Scenario 3: Strong background radiometric interference. Mosul (Iraq) and Orto-Tokoy (Kyrgyzstan) reservoirs represent cases with challenging backgrounds. Mosul reservoir is surrounded by high-albedo sandy terrain, while Orto-Tokoy includes high-reflectance snow/ice and terrain shadows. These reservoirs test false-positive suppression under low-contrast and heterogeneous light illumination.

Scenario 4: Spectral confusion in drawdown zones. Choke Canyon reservoir (USA) represents reservoirs with extensive drawdown zones driven by large-amplitude water-level fluctuations. Wet soils and pioneer vegetation have spectral signatures similar to those of shallow or turbid water. This scenario focuses on the model’s ability to distinguish pure water from water-saturated mixed pixels through geo-spectral feature differentiation.

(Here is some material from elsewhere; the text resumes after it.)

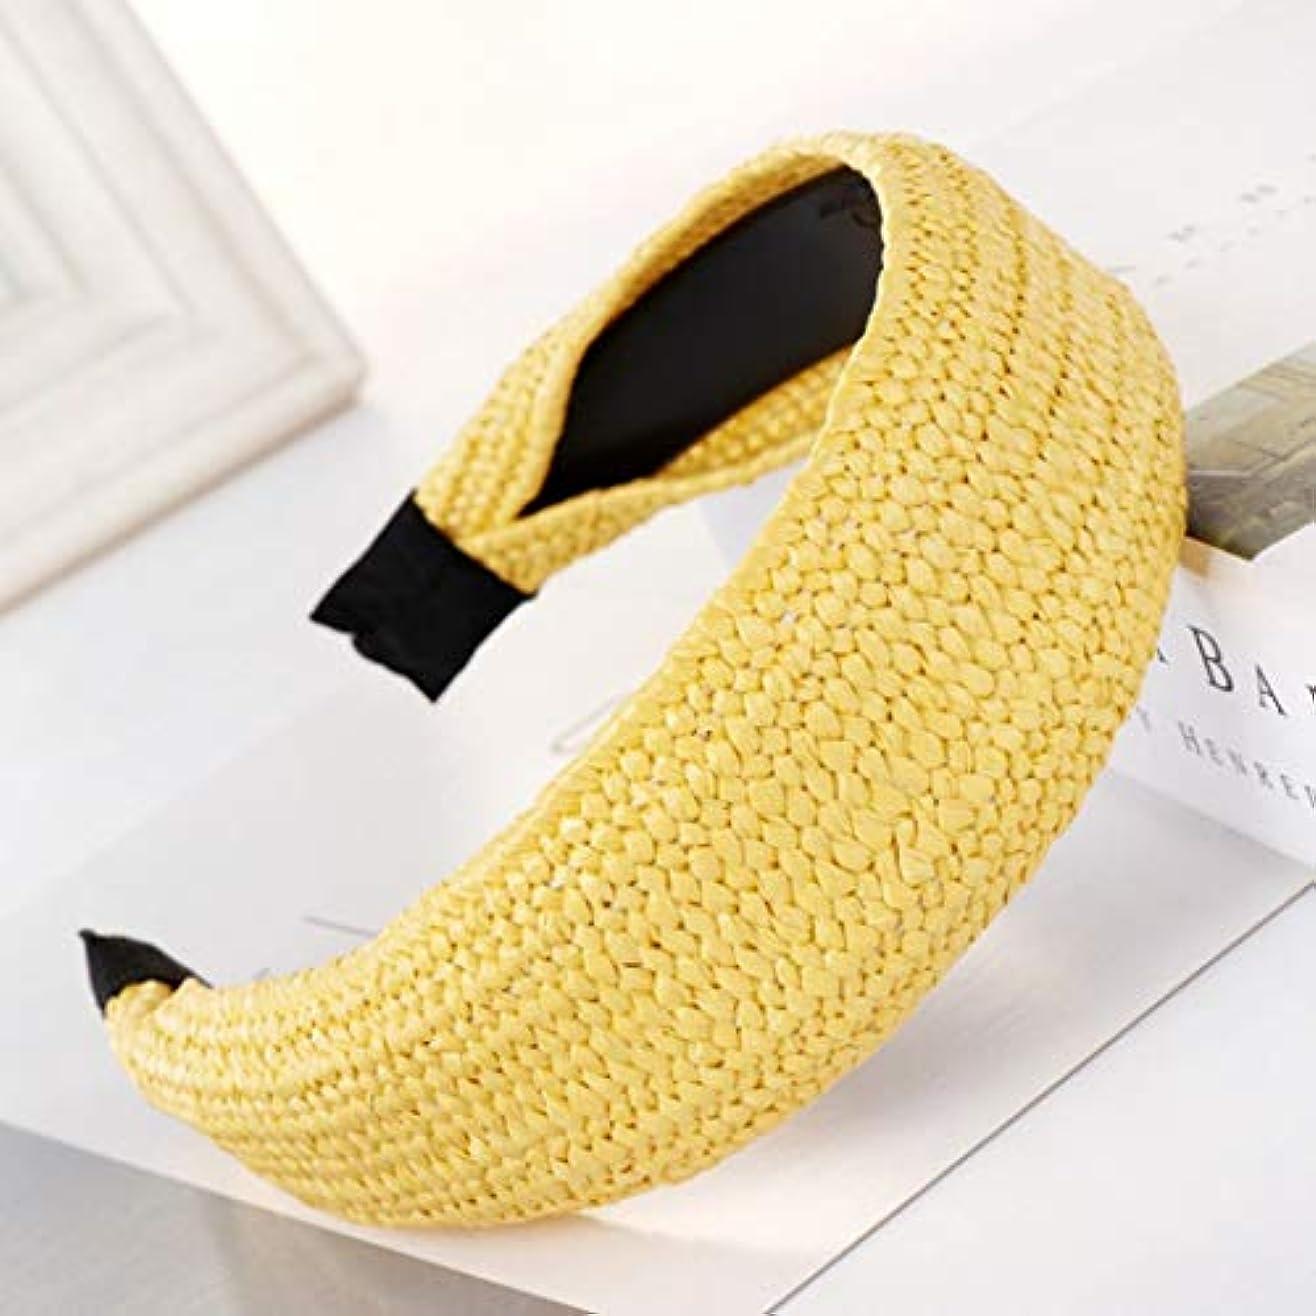 かご中開発Wadachikis ファッションわら織りヘアバンド結び目ヘッドバンドユニークヘアフープヘアアクセサリー(None 平板黄色)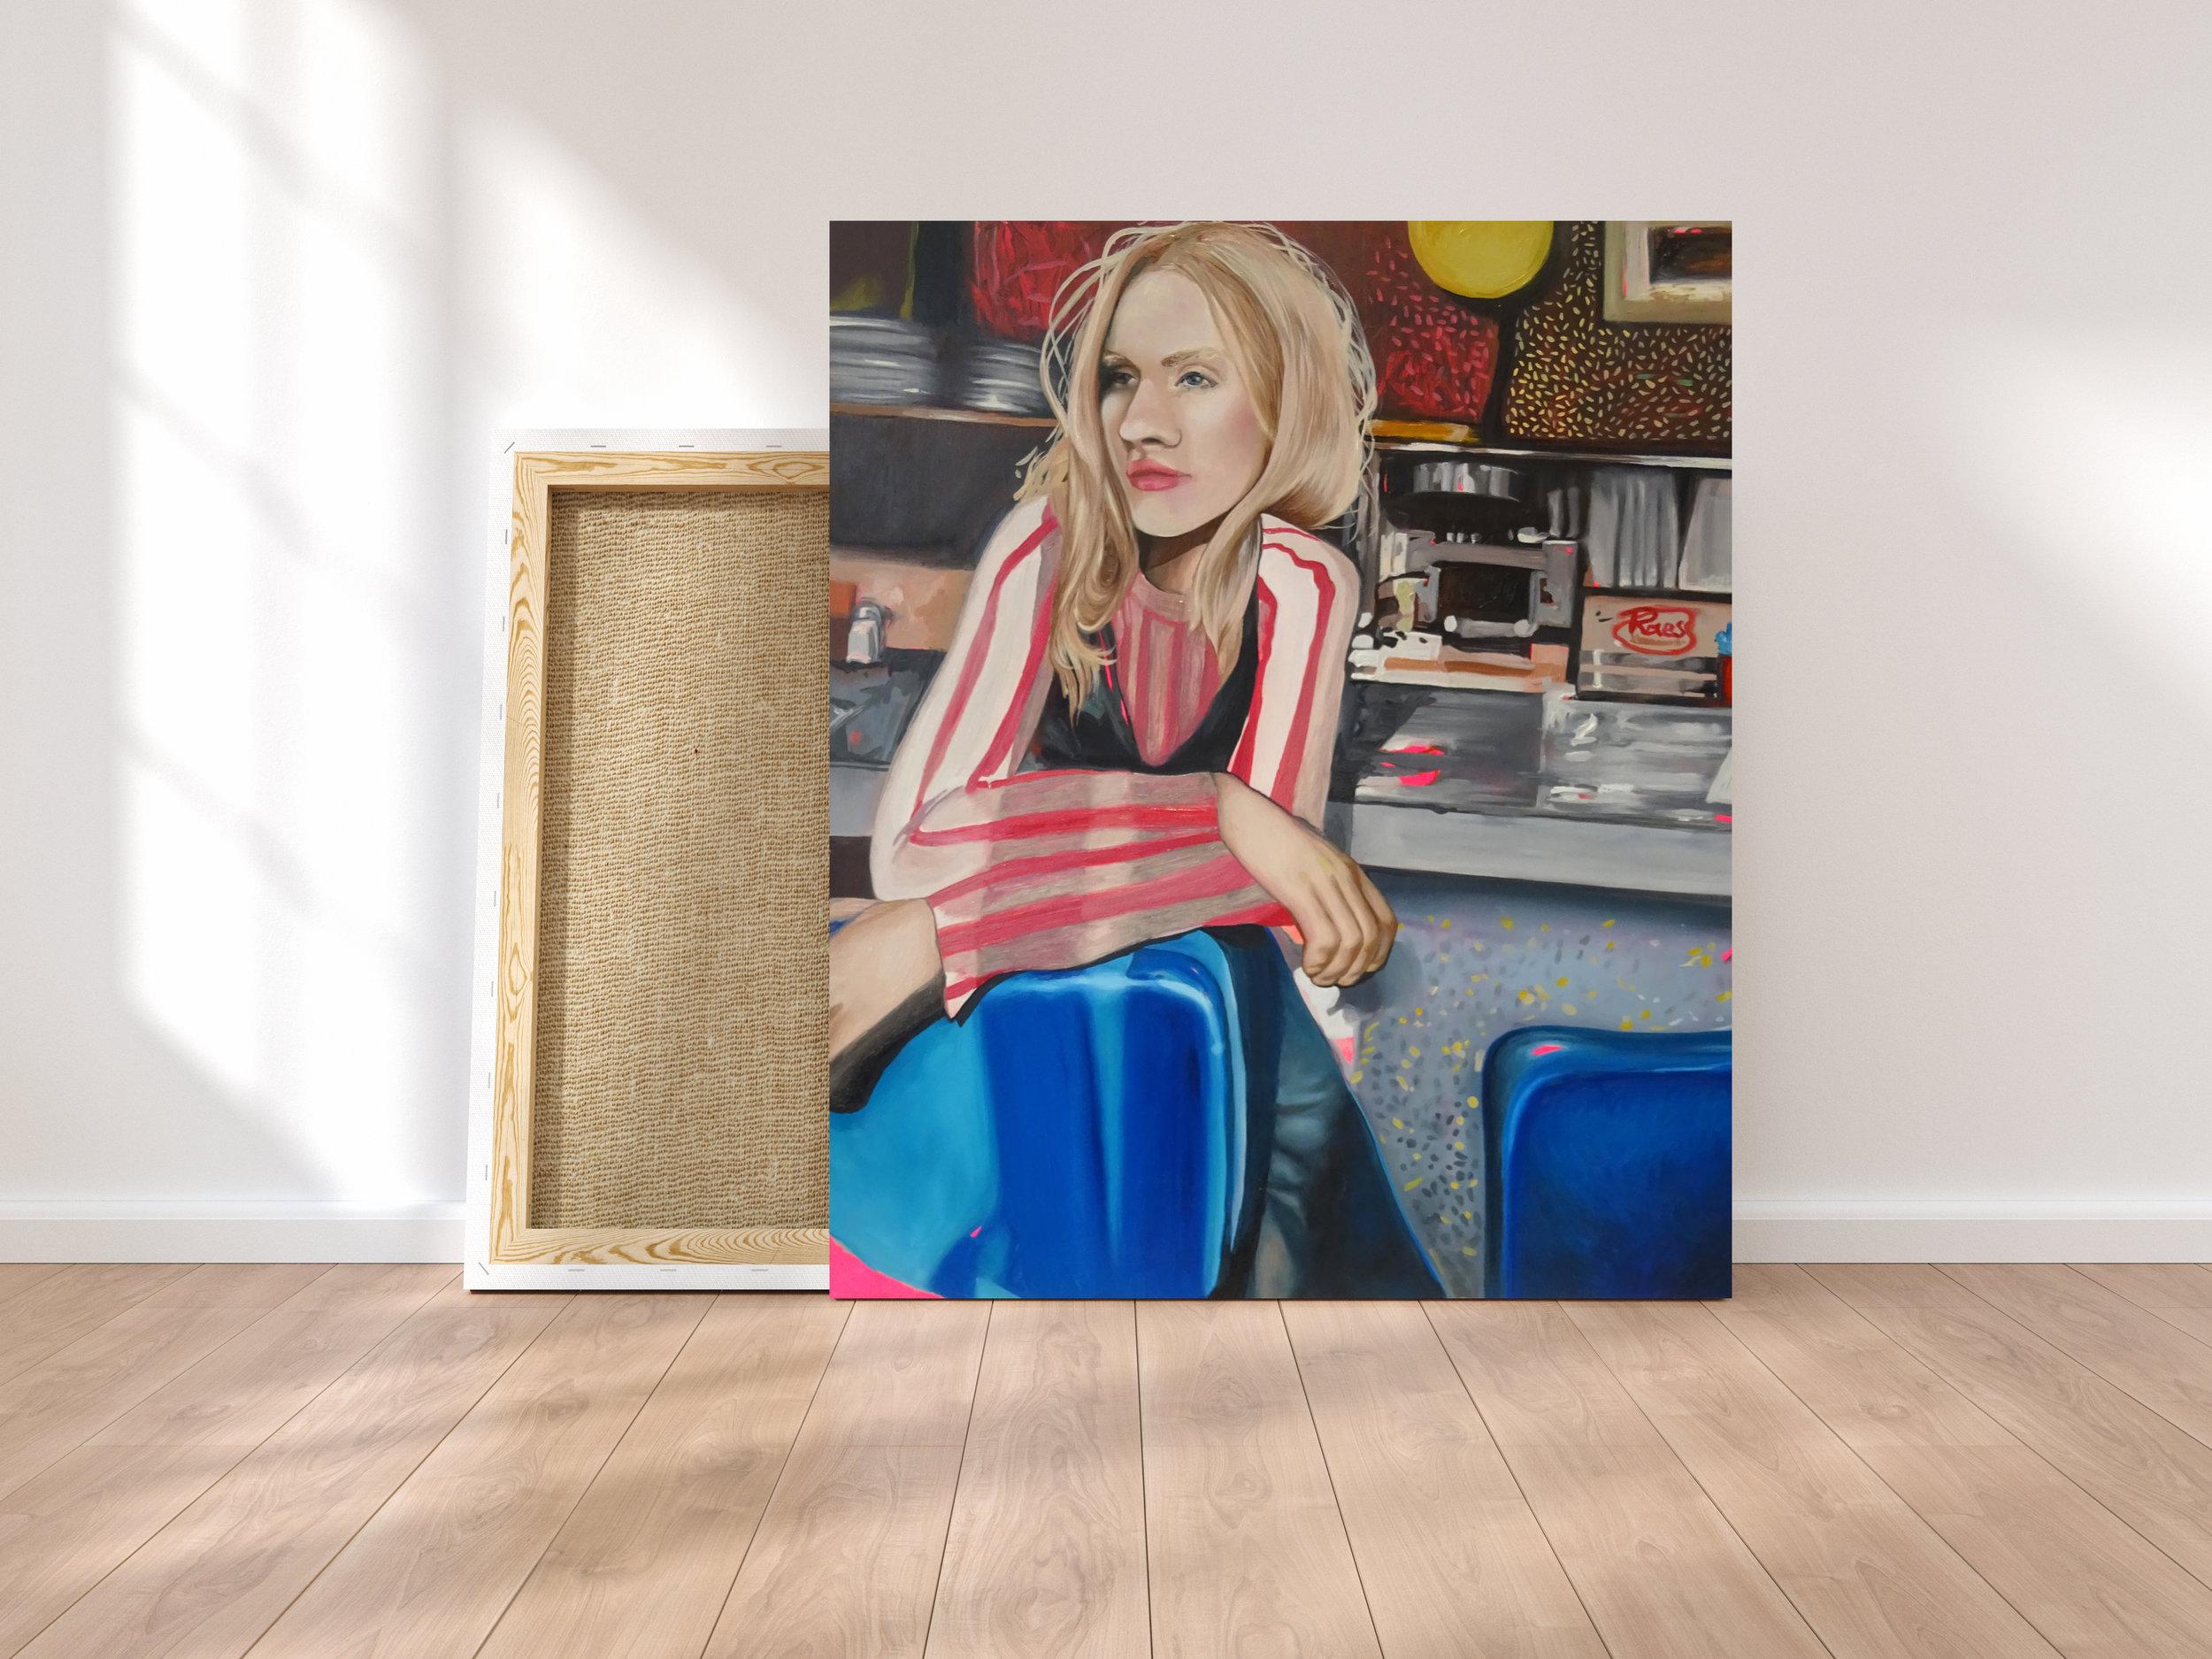 Acrylic & Oil on Wood, 60.5 x 50.5 cm - raspberry rae (2019)

2.2.2. Hydrological Conditions

Driven by dam operations, reservoir water levels vary between the dead water level and the normal water level, which periodically exposes expansive drawdown zones. To evaluate the framework’s performance under these dynamics, two observation conditions were selected for each reservoir.

The high-water-level (HWL) condition represents the reservoir operates near its normal water level, where most drawdown areas are submerged. This condition provides a relatively uniform background to evaluate the consistency of water surface detection at the maximum spatial extent.

The low-water-level (LWL) condition occurs as water recedes toward the dead water level, where mudflats, bare land, and pioneer vegetation are exposed. This condition evaluates the discrimination between shallow water and wet mudflats under spectrally similar backgrounds, and it also evaluates the shoreline accuracy when the water mask becomes spatially fragmented.

2.2.3. Multi-Source Optical Data

To evaluate the performance of the framework in multi-source, cross-scale reservoir water area detection, we constructed an optical dataset spanning three spatial resolutions. For each reservoir and hydrological condition, imagery was acquired within a 7-day window (cloud cover < 10%) to form a quasi-synchronous baseline.

PlanetScope (3 m) was used as the high-resolution validation benchmark, providing meter-level detail to capture the complex geometric features of narrow tributaries and fragmented water patches, especially near the riverine backwater zones at the reservoir tail.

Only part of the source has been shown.